━━━ Records provided ━━━

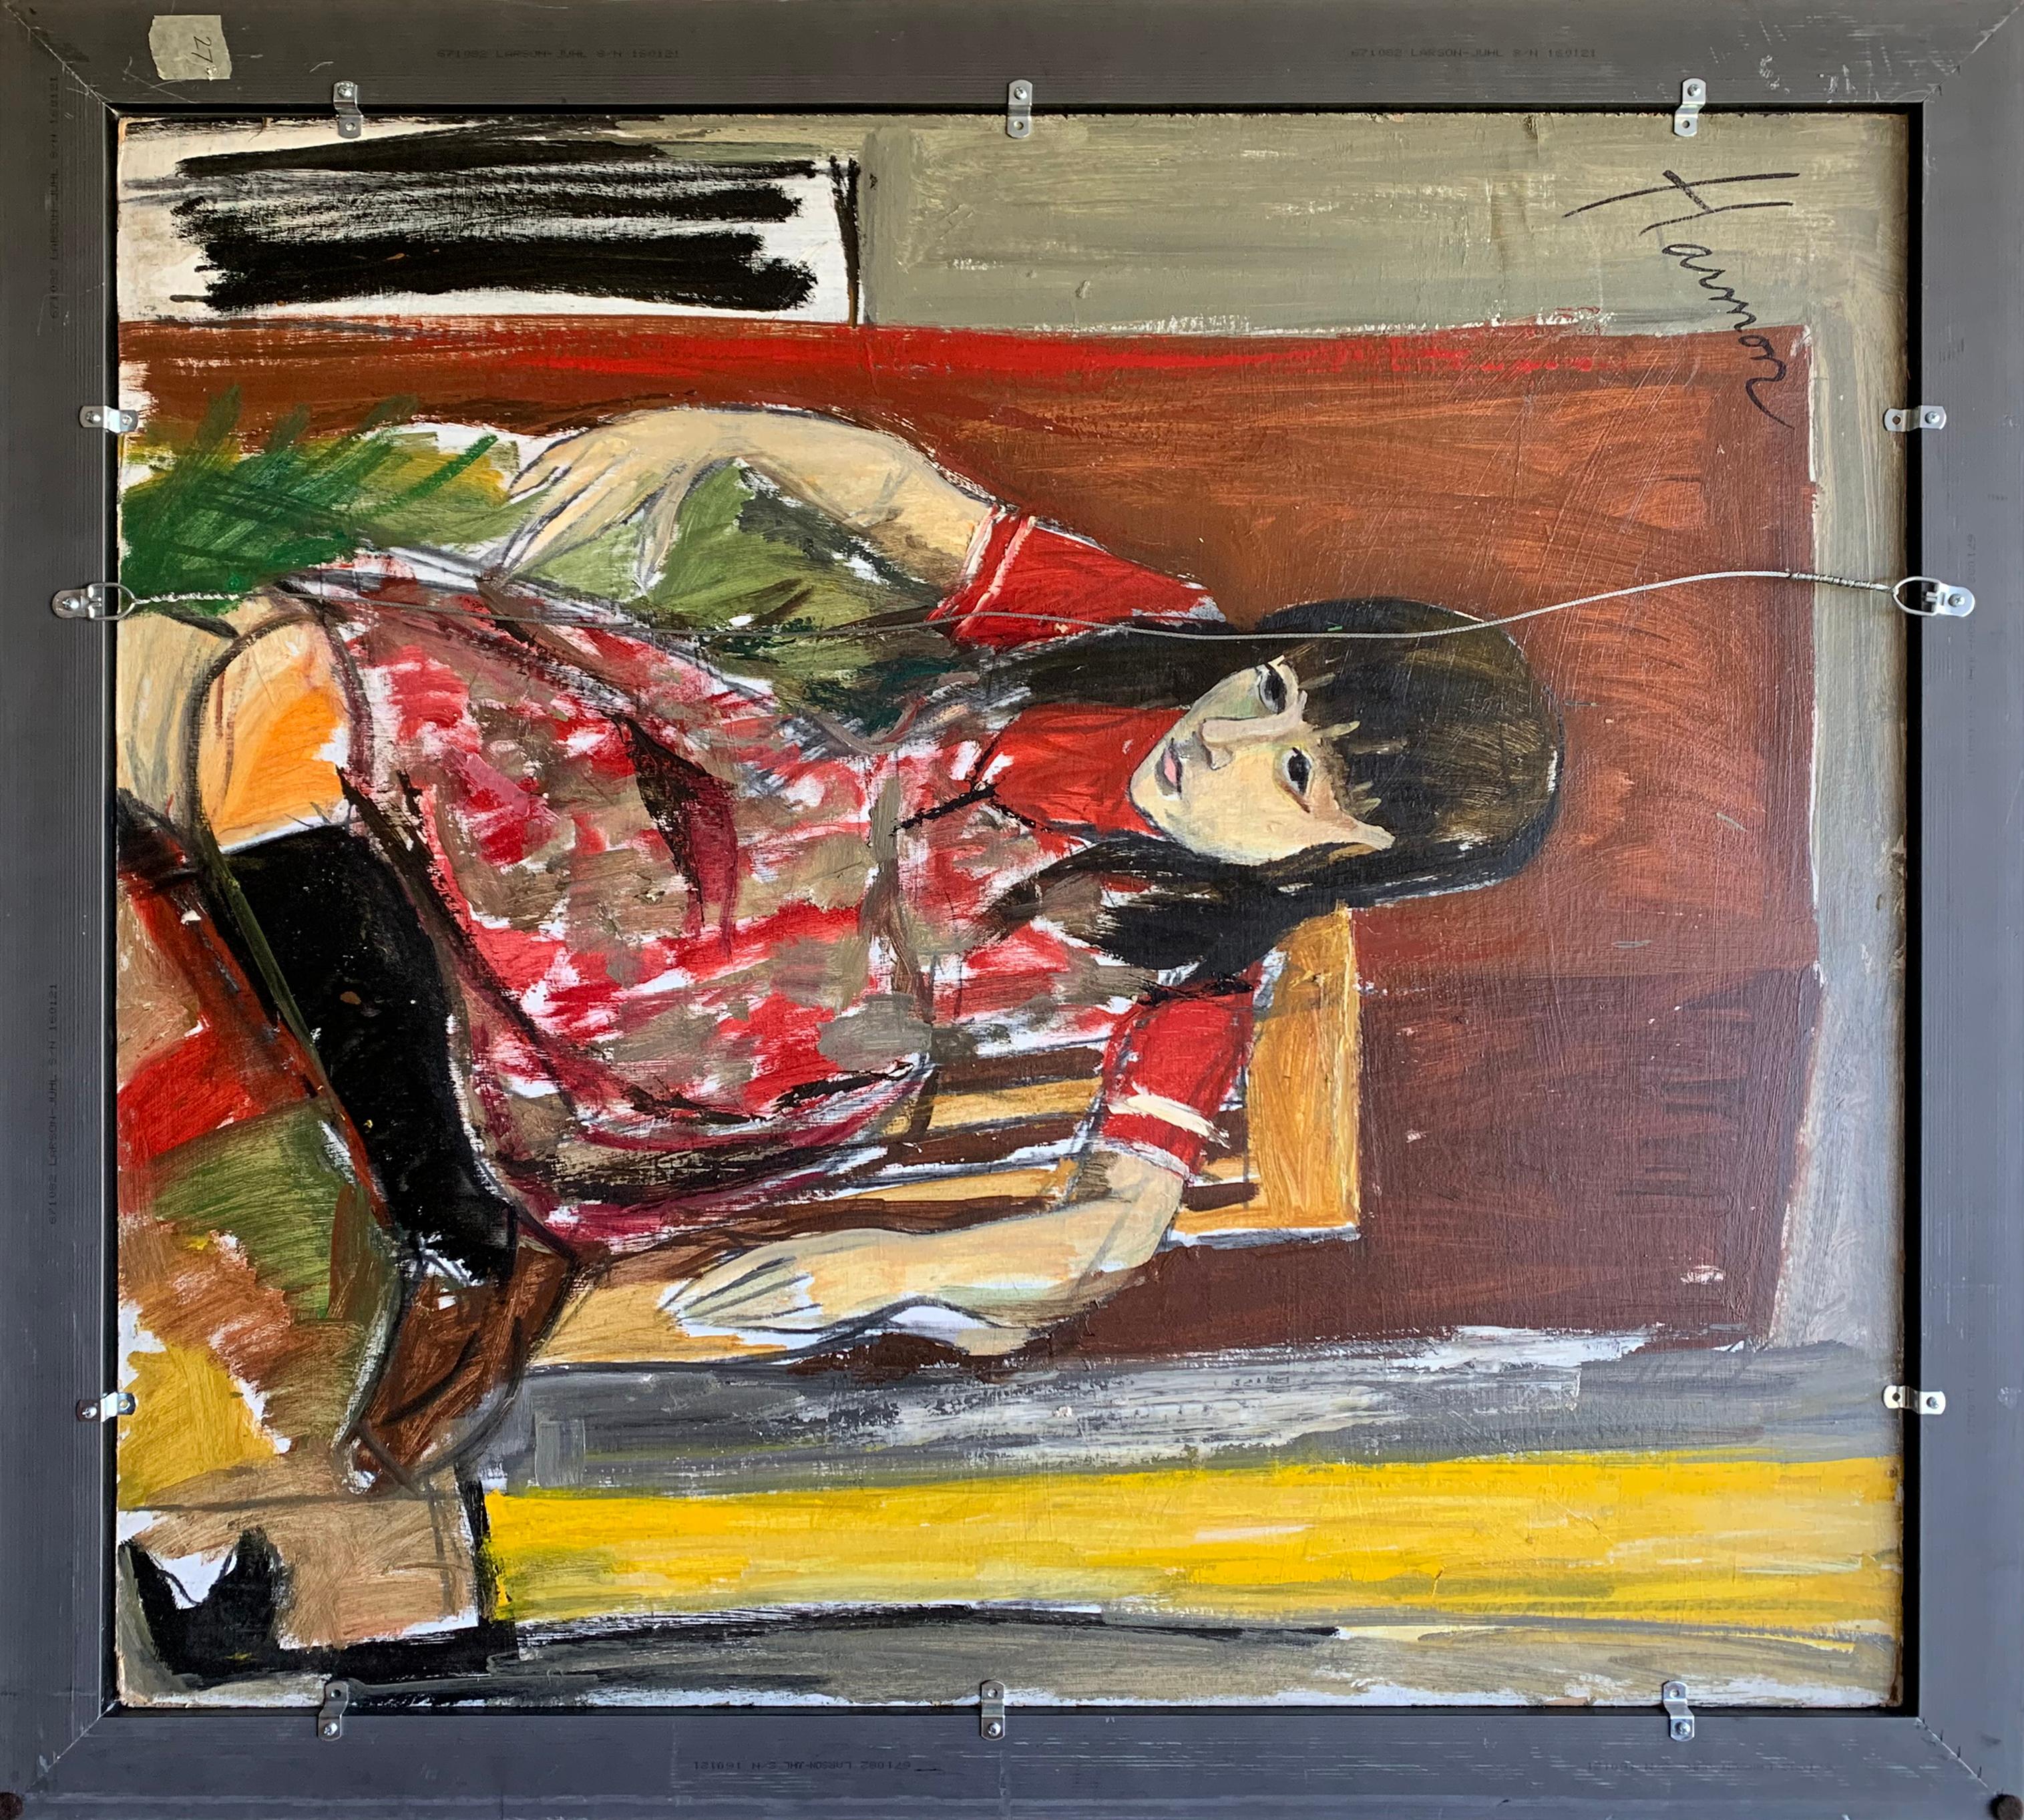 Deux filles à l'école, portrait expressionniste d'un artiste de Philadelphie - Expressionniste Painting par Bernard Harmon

━━━
━━━ Records provided ━━━

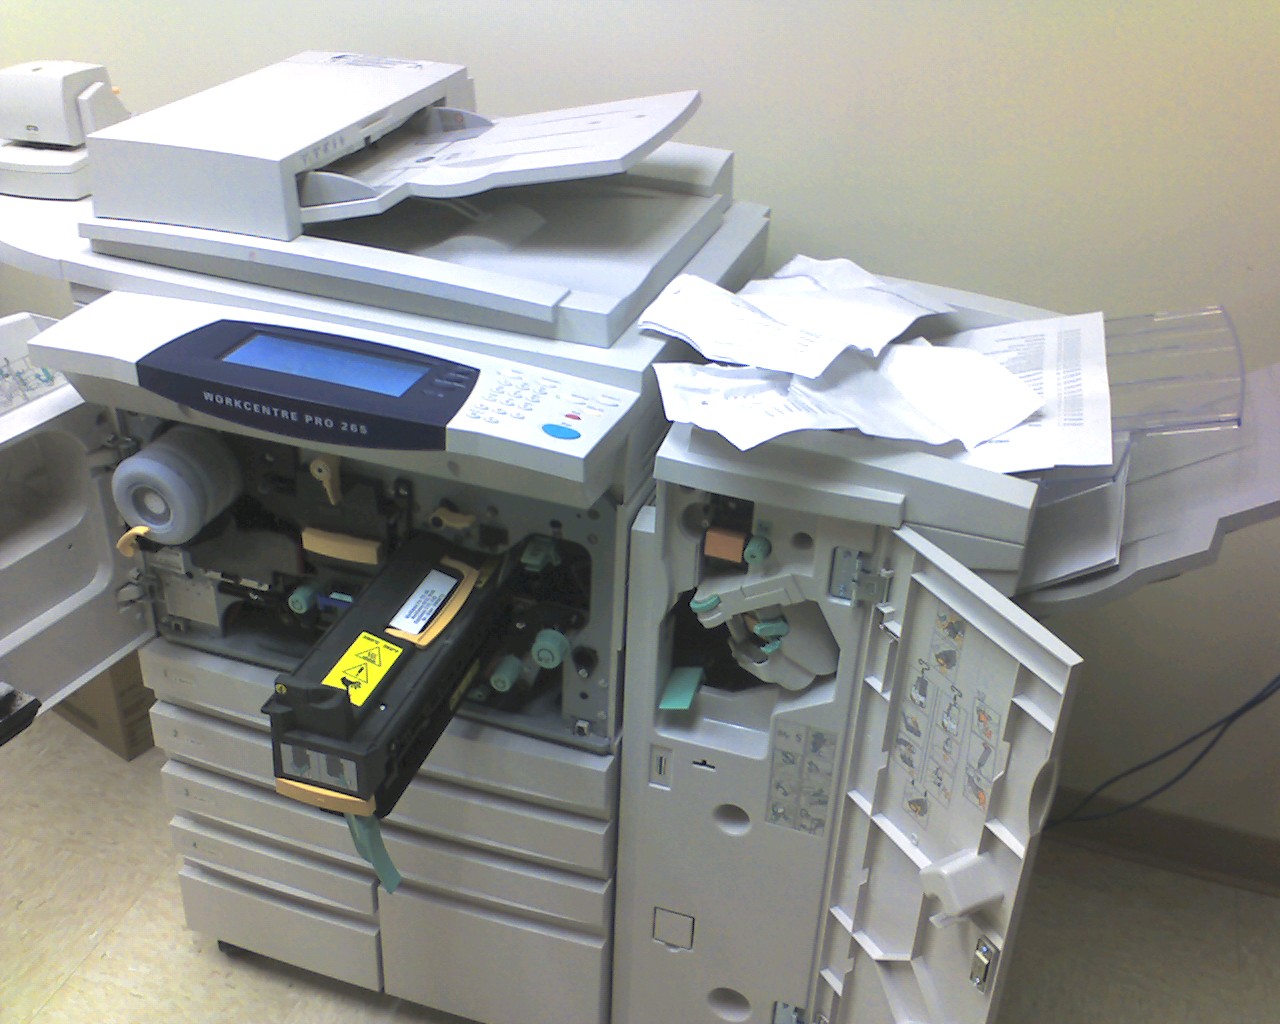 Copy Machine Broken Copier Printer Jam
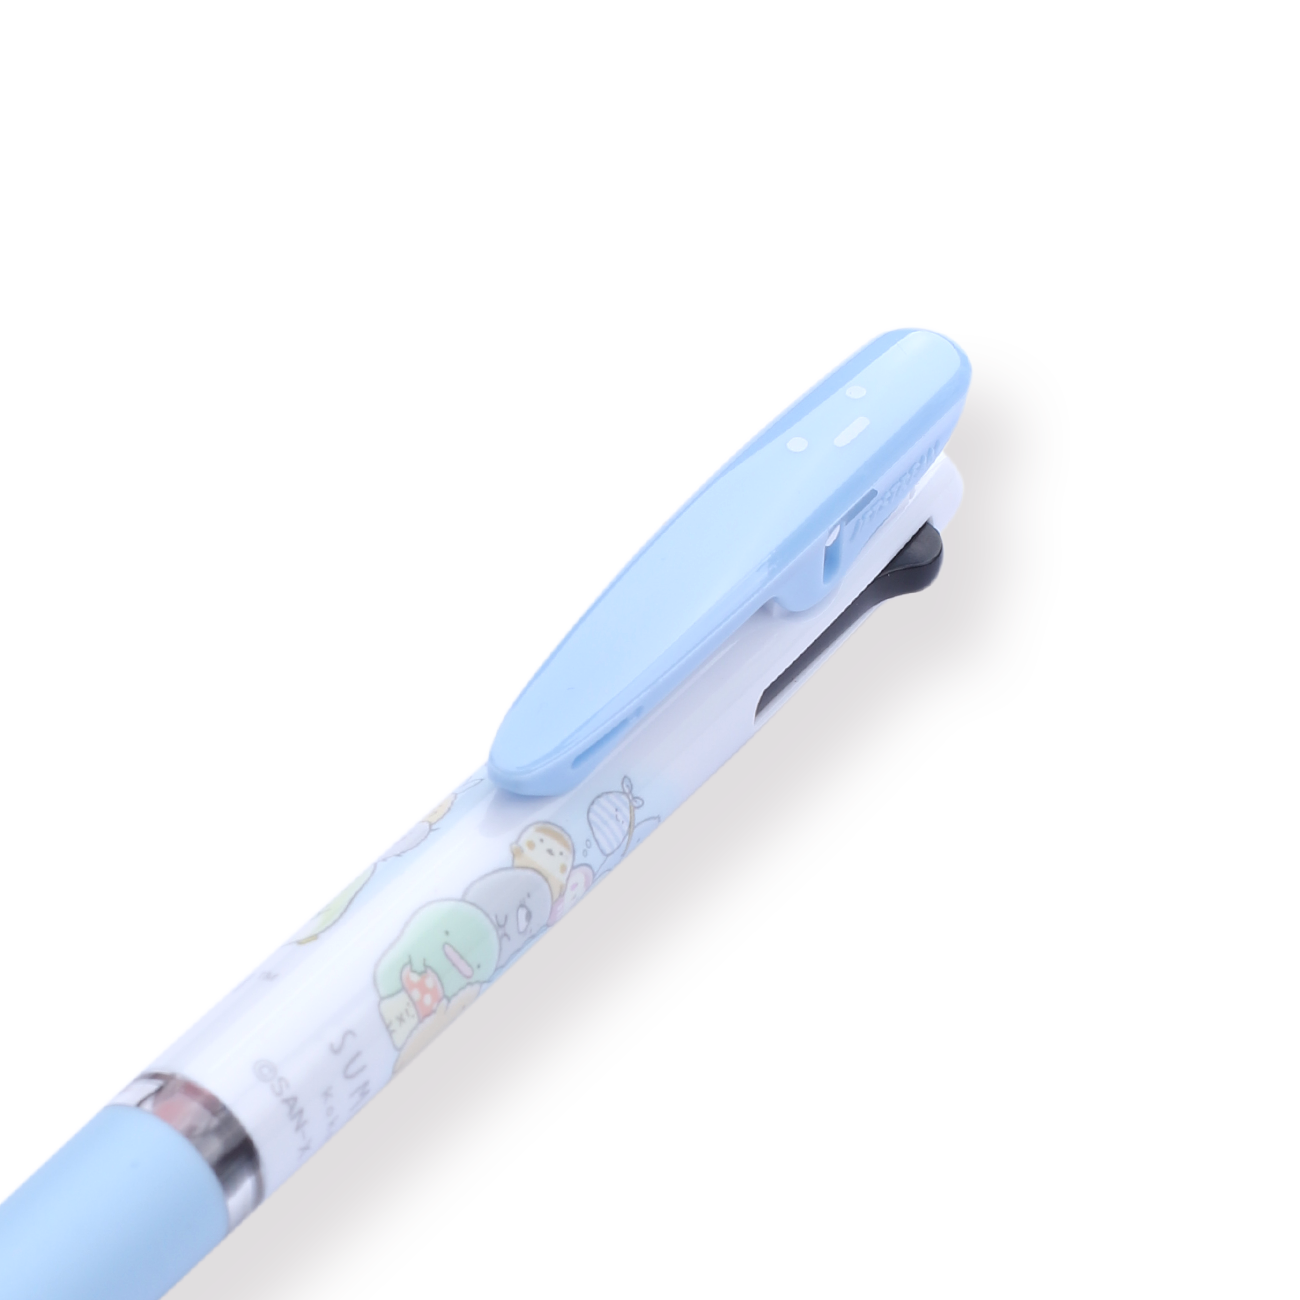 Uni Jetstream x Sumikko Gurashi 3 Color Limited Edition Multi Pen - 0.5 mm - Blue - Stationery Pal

━━━

→ **The task**
Which part of the entries opens with the line containing "Copy Machine Broken Copier Printer Jam" and closes with the line containing "Uni Jetstream x"? Output that part exactly, ends included, pictures excluded.

→ **Output for this exercise**
 Copy Machine Broken Copier Printer Jam
 Uni Jetstream x Sumikko Gurashi 3 Color Limited Edition Multi Pen - 0.5 mm - Blue - Stationery Pal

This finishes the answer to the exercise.